If Illinoisans needed any more proof that the state’s defined benefit pension systems are unmanageable and dysfunctional, they got it on Aug. 26.
Dick Ingram, head of the Teachers’ Retirement System, or TRS, informed Illinois’ pension conference committee that TRS’s actuaries made a mistake in calculating the expected savings of House Speaker Mike Madigan’s proposed pension fix.
Madigan’s plan, which makes some modifications to the existing pension plans but keeps the defined benefit system intact in his Senate Bill 1, was found to overstate savings by nearly $25 billion.
From Ingram’s letter to the pension conference committee:
“The revised analysis was prepared by Buck Consultants after carefully reviewing their original work. It increases state contributions by a total of $24.49 billion from the original amounts with a corresponding reduction in estimated state savings. The original estimate of savings developed in May of $130.74 billion have been reduced to $106.25 billion.”
Madigan’s plan was wholly inadequate prior to this mistake. His savings proposal would have only reduced the state’s unfunded liabilities to 2011 levels – levels that were then dangerously high and already the worst in the country.
And with $25 billion less in savings, his plan needs to be scrapped. His proposal doesn’t end the crisis in Illinois – it perpetuates it.
The bigger problem – the continuation of defined benefit plans
The bigger problem with Madigan’s plan and those being considered by the conference committee is these plans continue to bet on the failed defined benefit system. Defined benefit plans are rife with complexities and full of nasty surprises. Buck’s calculation mistake is just more evidence of that. And that’s why no matter how much money taxpayers and retirees throw into the system, the underfunding always gets worse.
Here’s proof: According to the Commission on Government Forecasting and Accountability, the state’s pension shortfall grew by $76 billion from 1996 to 2012. Of that amount, nearly $45 billion came from some form of missed “expectation”:
- The investment returns for the state’s five pension funds were lower than their assumed 8 percent expectation.
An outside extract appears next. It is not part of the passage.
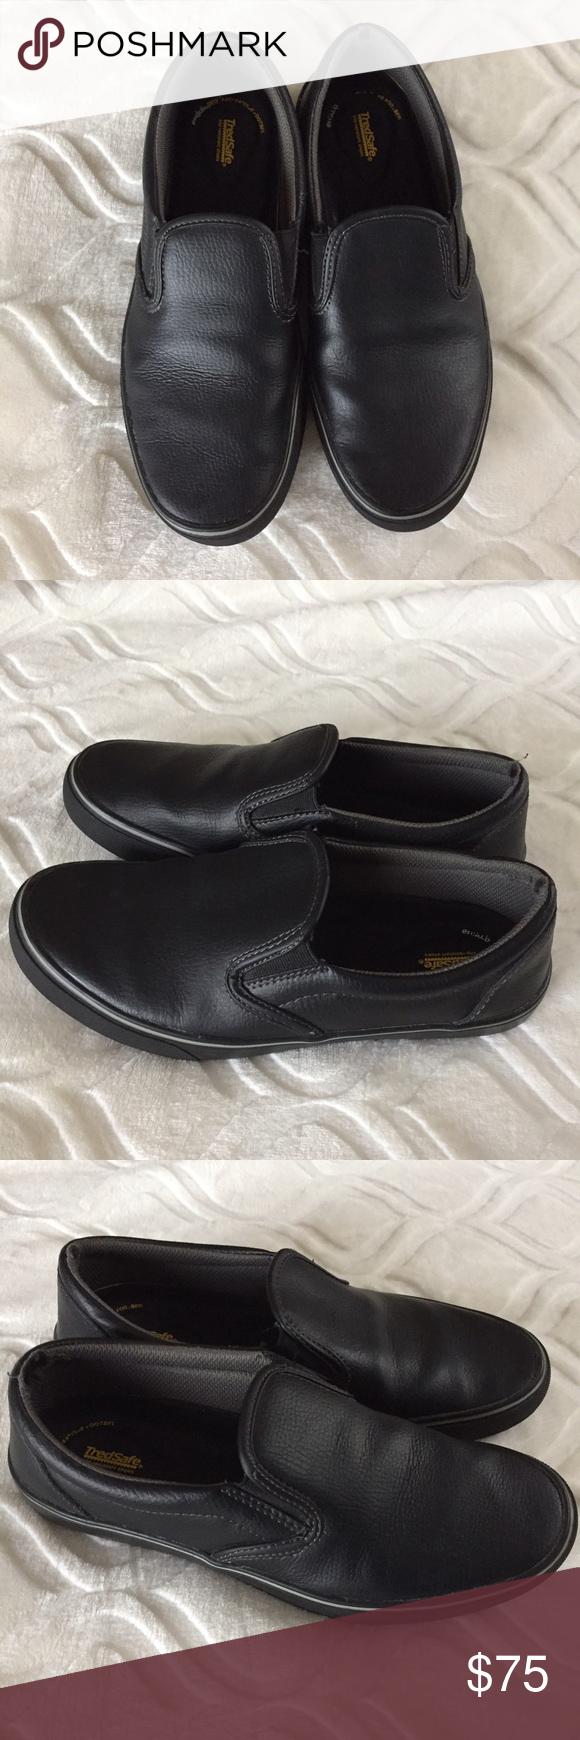 Black shiny slip on non slip work shoes

Cost to taxpayers: $17.2 billion.
- Unplanned benefit increases for employees. Cost to taxpayers: $5.8 billion.
- Changes in actuarial assumptions. Cost to taxpayers: $8.8 billion.
- “Other” actuarial factors. Cost to taxpayers: $12.9 billion.
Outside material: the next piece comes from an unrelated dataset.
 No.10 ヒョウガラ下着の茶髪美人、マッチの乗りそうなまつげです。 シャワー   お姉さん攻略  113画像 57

There’s more. In 2011, when the pension underfunding totaled $83 billion, Madigan and the General Assembly increased taxes on Illinoisans by $7 billion a year. A majority of that money has been used to make the state – meaning taxpayer – contributions to the pension funds. Yet the unfunded liability is now nearly $100 billion according to official numbers.
What makes things worse is that taxpayers have put in $8 billion more than what was originally called for since former Gov. Jim Edgar’s 1995 pension “reform” proposal was implemented.
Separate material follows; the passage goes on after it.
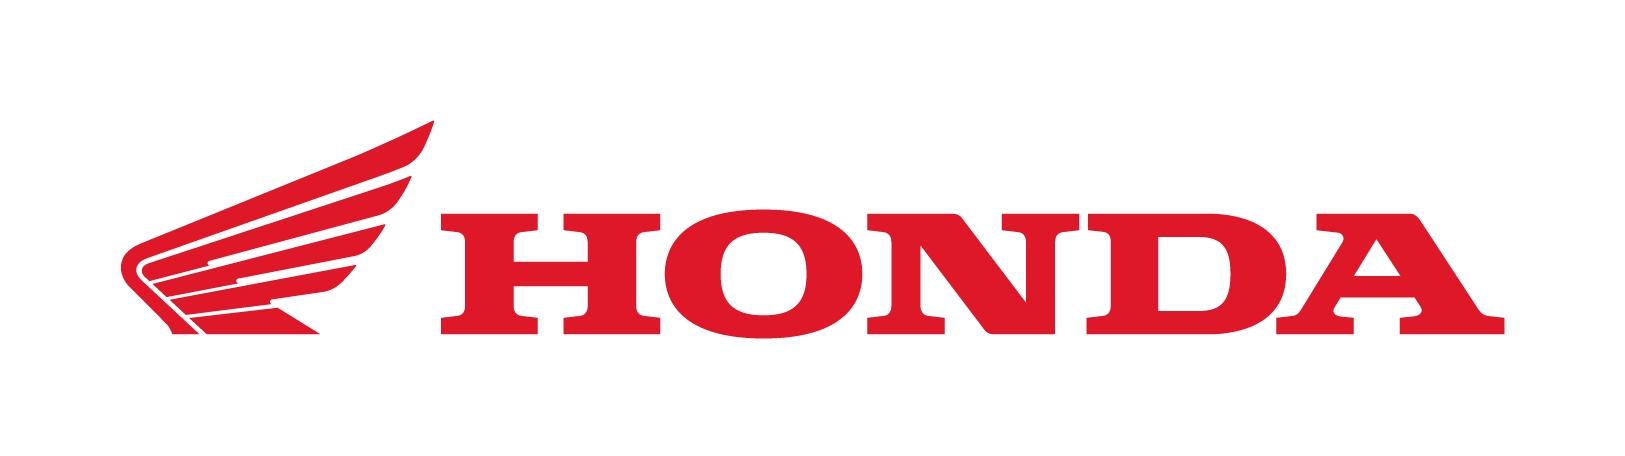 logo-honda-nyamping3 (1)

This defined benefit system is wreaking havoc on Illinoisans’ lives.
Retirees don’t know if they are going to see a pension check in the future, and Detroit’s bankruptcy has turned that fear into a potential reality.
Taxpayers don’t know how much it’s going to cost them to bail out the pension funds. Using the Illinois Policy Institute’s estimation of the state’s 2012 underfunding based on Moody’s Investors Service’s new methodology – each household is on the hook for nearly $45,000.
And the poor and disadvantaged, who rely on core government services to get by, don’t know how much more they’ll see indiscriminate cuts to education, health care and public safety.
Politicians have proven they can’t manage a retirement system based on defined benefit plans. The plans are unmanageable, unpredictable and unaffordable.
The conference committee members should vote themselves out of the pension business and move toward a plan that gives workers true retirement freedom. Such a plan already exists in Illinois and, ironically, one of the five state-run retirement systems, the State Universities Retirement System, runs it. More than 18,000 state university employees have their own self-managed plan that is similar to a 401(k)-style plan.
They are the only group of state workers and retirees in Illinois that will be spared the chaos and pains of a potential bankruptcy because they’ve been given full control and ownership over their retirement accounts.
Illinois must modernize its retirement system to give all workers control over their future. The Illinois Policy Institute has put together a plan that does just that. It can be found in House Bill 3303 and Senate Bill 2026.